Mohawk Limited v Leo Investment Limited & R S Gill t/a Gill Consult [2013] KEHC 1637 (KLR) | Arbitral Award Enforcement | Esheria

Mohawk Limited v Leo Investment Limited & R S Gill t/a Gill Consult [2013] KEHC 1637 (KLR)

Full Case Text

REPUBLIC OF KENYA

IN THE HIGH COURT OF KENYA AT NAIROBI

MILIMANI COMMERCIAL & ADMIRALTY DIVISION

CIVIL CASE NO. 295 OF 2008

IN THE MATTER OF: THE ARBITRAITON ACT, 1995

AND

IN THE MATTER OF:  ARBITRAITON

BETWEEN

MOHAWK LIMITED …………………………………………… CLAIMANT

AND

LEO INVESTMENT LIMITED ……………………….. 1ST RESPONDENT

R. S. GILL T/A/ GILL CONSULT …………………… 2ND RESPONDENT

R U L I N G

The Plaintiff/Applicant filed a Chamber Summons dated 24th May 2013 brought under the provisions of section 37 of the Arbitration Act and Rule 9 of the Arbitration Rules, 1997, seeking the leave of this Court to have the arbitration award made by Hon. Rtd. Justice E. Torgbor on 11th August 2011 entered, filed and adopted by this Court. The second prayer sought was that this Court be pleased to enter Judgement for the Plaintiff in terms of the said award. The grounds in support of the application noted that that by consent of the parties the proceedings herein were stayed (pending arbitration) 11th June 2008. As a result of the arbitration, the Plaintiff was given a final award in its favour. After the delivery of the award, the Defendants/Respondents filed an application under section 35 of the Arbitration Act seeking to set-aside the award on the grounds of misconduct but had failed to take any steps to prosecute the said application for a period in excess of 18 months. It was noted that the contract signed between the parties hereto have expressly recognised the fact that the decision and award by the arbitrator was to be final and binding on both parties.

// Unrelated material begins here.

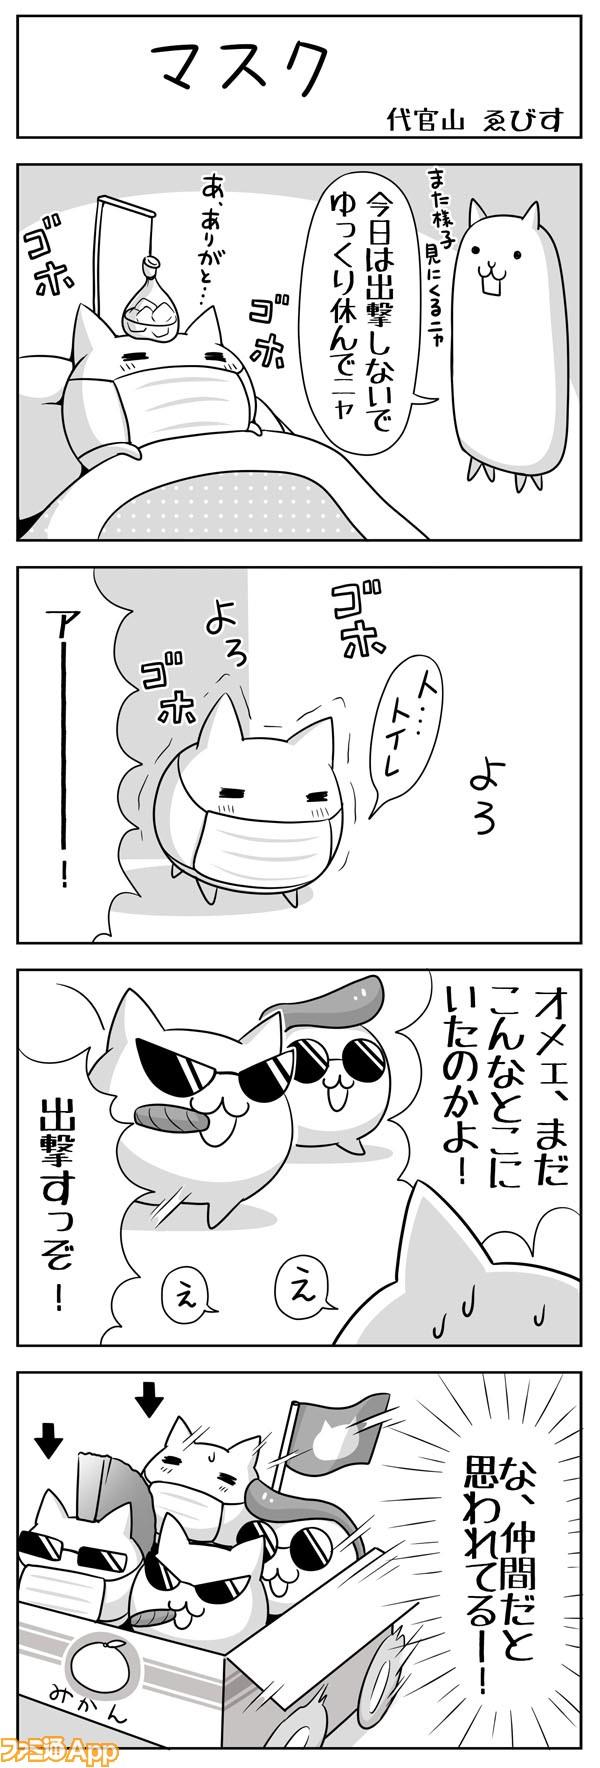 01daik_073

The Plaintiff’s Application was supported by the Affidavit of its advocate on record one Philip Kisaka Sikolia sworn on 24th May 2013. The deponent noted that the consent order recorded by the parties in Court on the 11th June 2008 and after they had failed to agree upon an arbitrator, Justice (Rtd.) Edward Torgbor had been duly appointed by the chairman of the Architectural Association of Kenya as the sole arbitrator. The arbitration was eventually concluded and an Award made by the arbitrator on 11th August 2011. The deponent noted the application by the Defendants/Respondenta had been filed only a week before the expiry of the statutory 60 day period in which the Defendants as Respondents had to file their application to set aside. He noted that the said application had not been served upon the arbitrator as required. In the deponent’s view the Defendants/Respondents’ application was scandalous, frivolous and/or vexatious being based on unsubstantiated allegations.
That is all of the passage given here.